Articles

March 2020

BG: Incoterms 2020 – New Rules, Old Problems

The New Incoterms 2020 version came into effect earlier this year. There have been slight tweaks to the Rules (please see commentary from the ICC Academy here on the new changes). While the new Rules seeks to bring itself more in alignment with the practicalities of international trade, they also present an opportunity to revisit some of the old misuses of the Incoterms. No three letter acronyms have been more misunderstood, mangled or misapplied. We set out 5 basic issues that are vital in the correct application of the Incoterms

(1)       What are the Incoterms not used for? Risk vs Title

Incoterms are a set of 11 terms devised to identify the point of delivery from seller to buyer in the international supply of goods. With the point of delivery comes the passing of risk from one party to another. These humble three letter acronyms can do no more than that. The list of issues that the Incoterms cannot be used for is much longer; they are not a substitute for a sales contract dealing with payment and quality terms. The Incoterms do not represent a contract of carriage for the goods. Specifying an Incoterm does not tell you which law to apply or how to resolve a dispute – all of that must be decided expressly by contract. Most commonly misunderstood is that Incoterms do not deal with the passing of title in the goods.  Title of the goods is a separate concept to risk and the passing of title is dictated by contract, typically upon payment of goods. Parties must pay close attention to when risk and title passes as the trigger for each milestone may not be in alignment.

(2)       The FOB v CFR Distinction

Even the most seasoned commodity traders may tell you that Incoterms are essentially FOB versus CFR/CIF on opposite ends on the spectrum. The fallacy lies in a misconception that CFR/CIF denotes the seller’s responsibility to bring the goods to the destination. This is in incorrect – the passing of risks in FOB or CFR/CIF is largely the same. The difference between the two commonly used terms lies in the responsibility for costs and freight (see the blue colour coding below).  

 

Why is passing of risks so important? Many things can go wrong when moving goods internationally and based from experience this may include:

  • Fire at the warehouse at the port of loading;
  • Damage/ contamination while the goods are at the berth awaiting loading;
  • Goods falling off a crane while loading onto the vessels; or
  • Damage/contamination while the goods are at sea.

Delineating the transfer of risk can help parties manage such perils, in particular by obtaining suitable insurance coverage.

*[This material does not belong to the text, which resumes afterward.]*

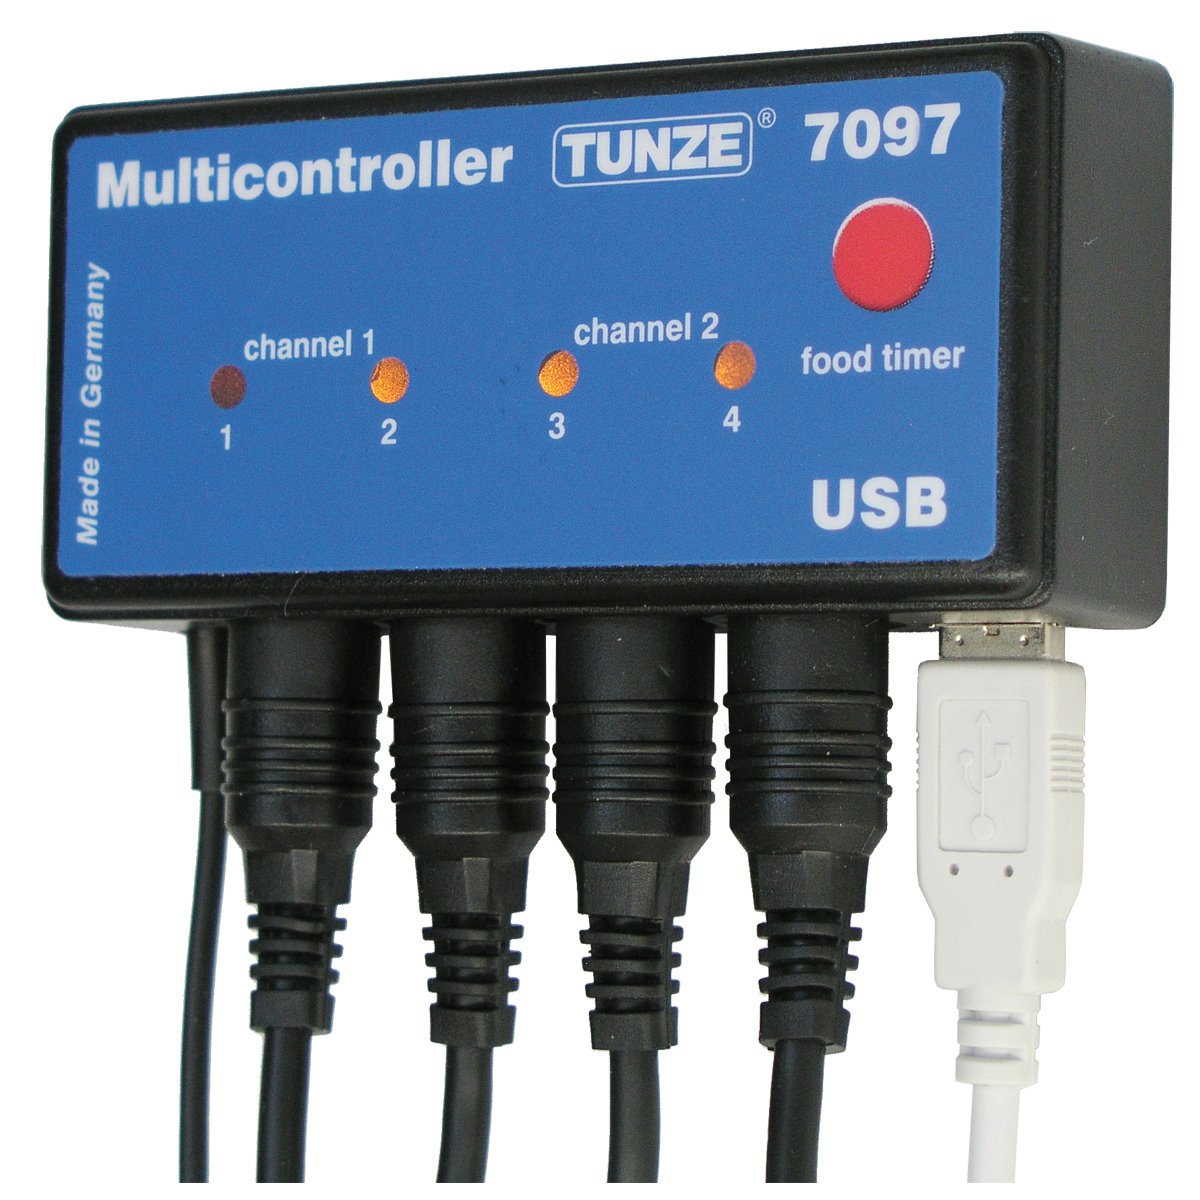 Multicontroller 7097 USB

(3)       FOB for Containerized Cargo?

FOB delineates the passing of risk when goods pass the ship’s handrail but has poor correlation to how containerized cargo is moved. In modern day shipping, sellers on FOB terms would have their cargo placed in containers. These containers may be stacked at port long before the containers are loaded onto the vessel. This produces an incongruency because the loading of the container is completely out of the seller’s control and yet with FOB terms, the seller holds on to the risk until that container is loaded. In that respect, FOB’s lesser known cousin, FCA (Free Carrier) is far more appropriate as risks can be effectively passed earlier on when the good are delivered to the export terminal or other specified location.

(4)       Be precise

The Incoterms deal with delivery and hence specific locations are essential. CFR Shanghai may not be specific enough to direct which port freight should be arranged to. If parties wish to be assured of the delivery of goods at the destination port, then the “D terms” (DAP, DPU and DDP), typically used in the O&G sector may be more appropriate. In such cases , particularly when transportation can be arranged by land or sea, the exact location of delivery is key. DAP Shanghai, Airport Terminal 2, highlights the kind of specificity recommended to avoid complications over where delivery has occurred.

(5)       Mixing Incoterms with shipping terminology

Mixing shipping terminology with Incoterms can produce some bewildering and unintended results. Shipment dates are typically used in sales contracts to identify the period by which shipment must occur and is a vital provision because a breach of the shipment period may give rise to termination rights. It is not uncommon for shipment dates to be combined with an Incoterm but here is where misconceptions can get amplified with dangerous consequences. As mentioned before, CIF gets conflated with an obligation to ensure delivery and hence a shipment period of June CIF may be viewed as an obligation to ensure delivery by June to the destination port. This is incorrect, as the trigger for the obligation for CIF is at the load port and not the destination port, which means a buyer’s right of termination should be premised on the load port instead. Contracts can get more convulated when additional concepts are mashed into a clause, for example, “CIF, Shanghai loading laycan June 20-25”. Here laycan, a charterparty term used to specify when a vessel needs to be presented at the loading port, has been confused with a delivery period and does not sit neatly with the concept of CIF where the seller makes the carriage arrangement.  Mixing shipping terms with Incoterms can produce some unintended effects.

The New Incoterms present an opportunity to not just learn about the new changes but also to rectify some historically erroneous views on its application.